The faith coalition that emerged to support immigration reform was almost unprecedented in its unanimity. It was quite an achievement to bring the less reflexively partisan elements of the Christian right alongside the Catholic Church and liberal and ethnic minority Protestant groups. Conservative faith leaders are used to having their way with Republicans on sex-related issues. Catholics and moderate evangelicals are often influential because neither party owns them. I have written elsewhere about why even conservative evangelical support could not save immigration reform. It is actually quite normal for GOP leaders to defy their pastors, bishops, and denominations. They do it on non-sex-related issues every day. Faith leaders’ activism, however admirable, is rarely decisive. Greater political forces conspired to render the near-unanimous voice of the faith community virtually irrelevant. The Republican Party knows that Southern Baptists and Mormons aren’t going anywhere.

The politics of the issue are more complex than many advocates let on. Immigration reform would be a difficult vote for GOP representatives in relatively homogenous white districts. Just because the Republicans as presently constituted have no future in 2050 does not mean they cannot survive—and even thrive—as a white party for the next several decades. Vanderbilt political scientist Larry Bartels reminds us, “Even momentous demographic changes occur slowly; non-Hispanic whites will remain a majority of the U.S. population for the next 30 years, and a majority of the electorate even longer.” In the meantime, empirical research suggests that the specter of increased immigration could create a white backlash that further benefits the GOP.

If the House GOP thought immigration reform would improve its prospects of adding to its majority in 2014, it would have acted. Many observers still expect Boehner to pass the reform next year in order to take it off the table for 2016. But if the GOP strategy is to maximize the white vote and cede overwhelming majorities of Hispanic and Asian American votes to the Democrats, it may prefer to punt on immigration through the 2016 presidential nominating contest as well. After all, there are comparatively few Hispanics in Iowa, New Hampshire, and the other winter primary states. The early states that actually do have a sizeable number of Hispanics, Nevada and Colorado, use a caucus system. In any case, few Hispanics vote in Republican primaries because they increasingly identify as Democrats.

House inaction carries one more important benefit for Republicans. In forcing the president to issue executive orders to mitigate the mounting adverse effects of our broken immigration system, the GOP can spin this as further evidence of Obama’s abuse of executive authority.

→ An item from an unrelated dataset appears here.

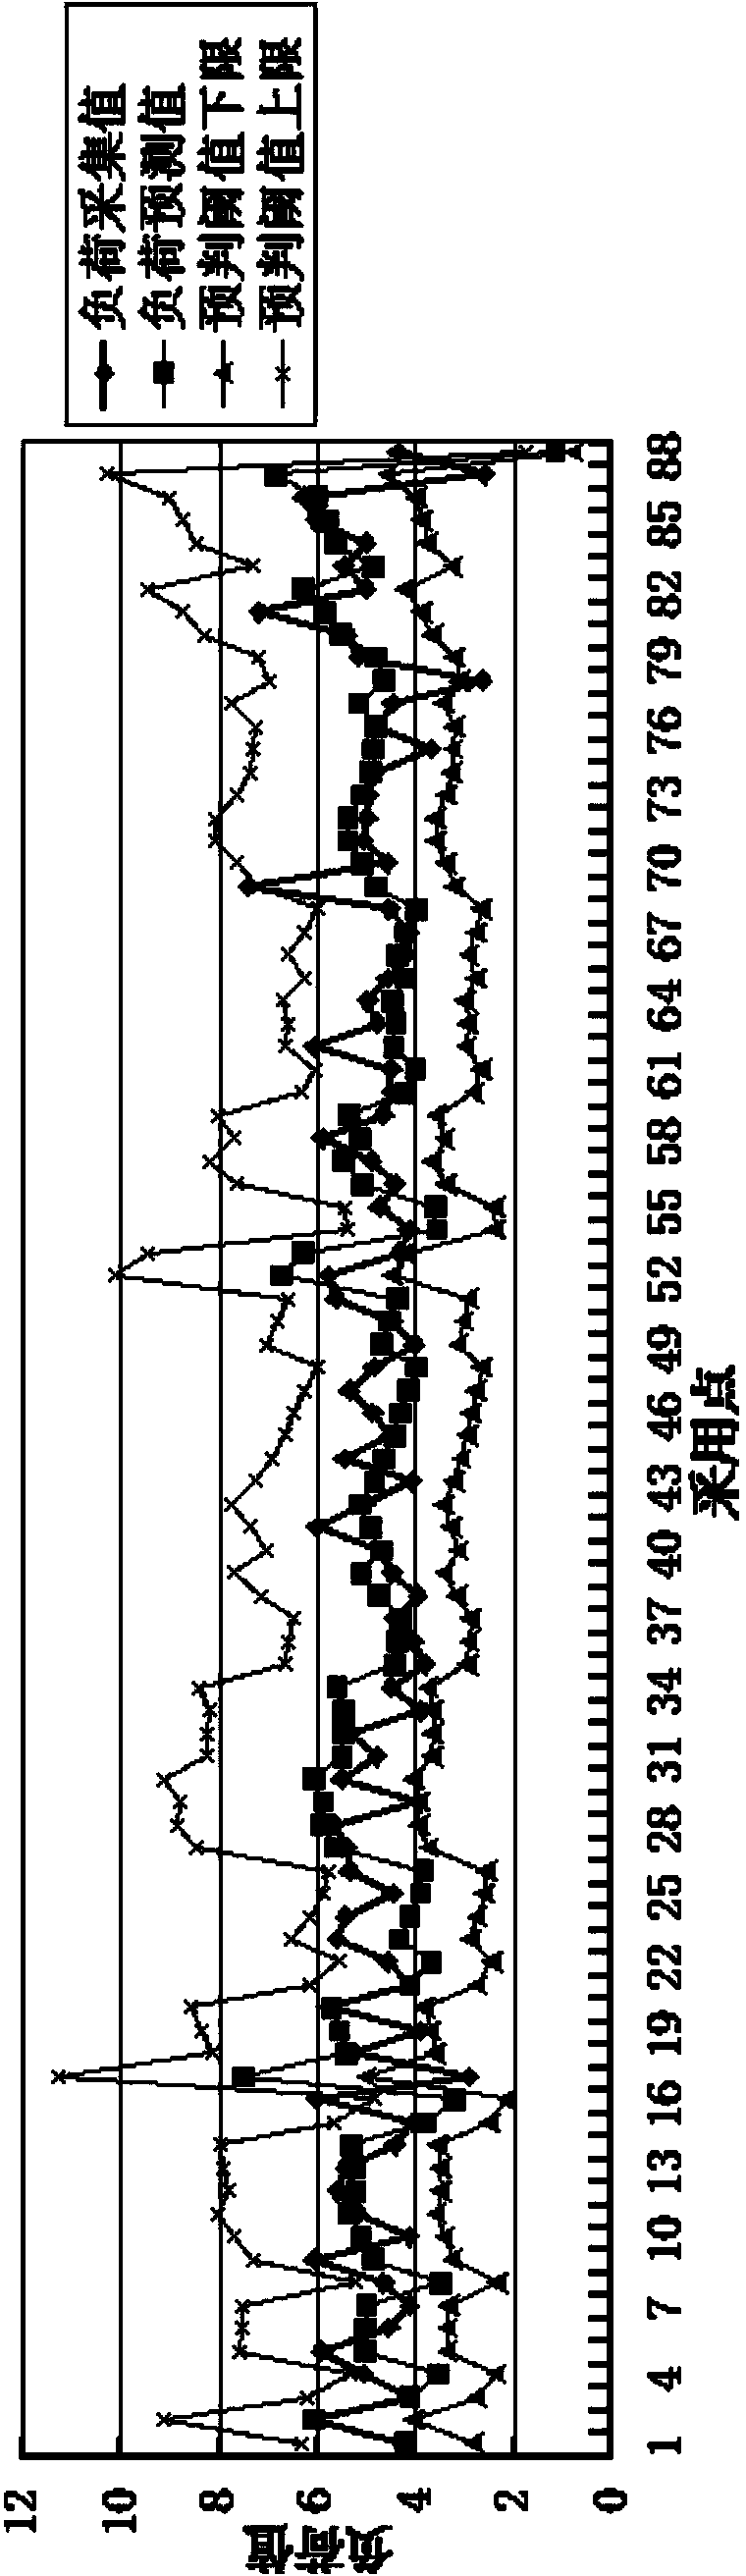 Method for finding abnormal electric energy meter based on gray GM (1, 1) model

My friend Mark Tooley is correct to point out that only a small group of utopian liberals wants amnesty and open borders. But neither amnesty nor open borders was ever a part of any serious policy discussion.

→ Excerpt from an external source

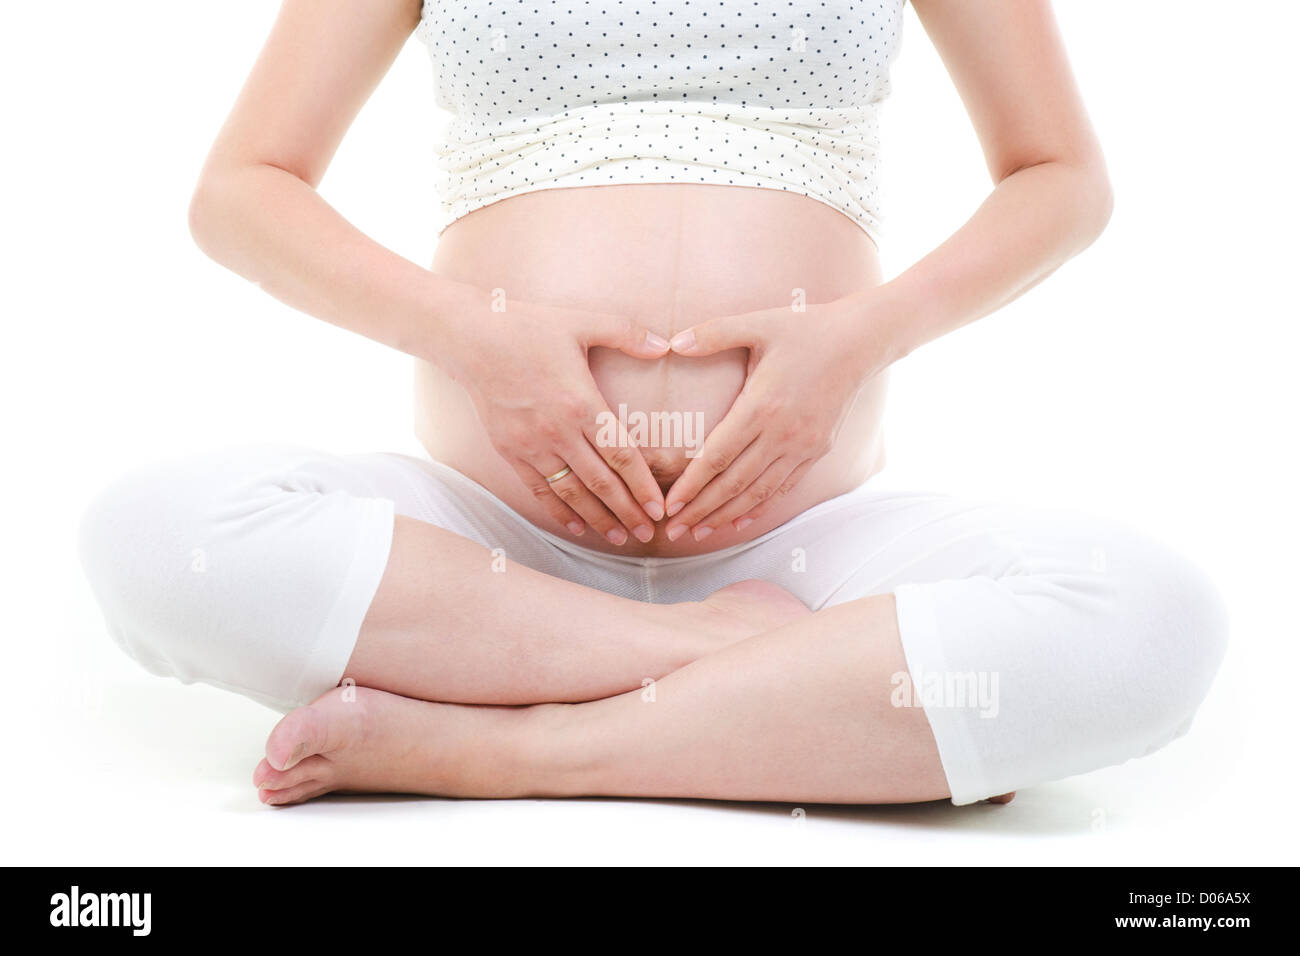 Schwangere Frau bilden Liebe Form am Bauch 8 Monate schwanger Stockfoto

Our leaders had ample opportunities to do the right thing, but a powerful minority chose intransigence over compromise and obstruction over governance. The undemocratic result was precisely the opposite of what should have been done. This ruinous course exacerbates the brokenness of Congress, divisions within the Republican Party, and the perilously fractured relationship between the executive and legislative branches. It also helps ensure that the hyper-racialized nature of our politics will continue to be prominent for years to come.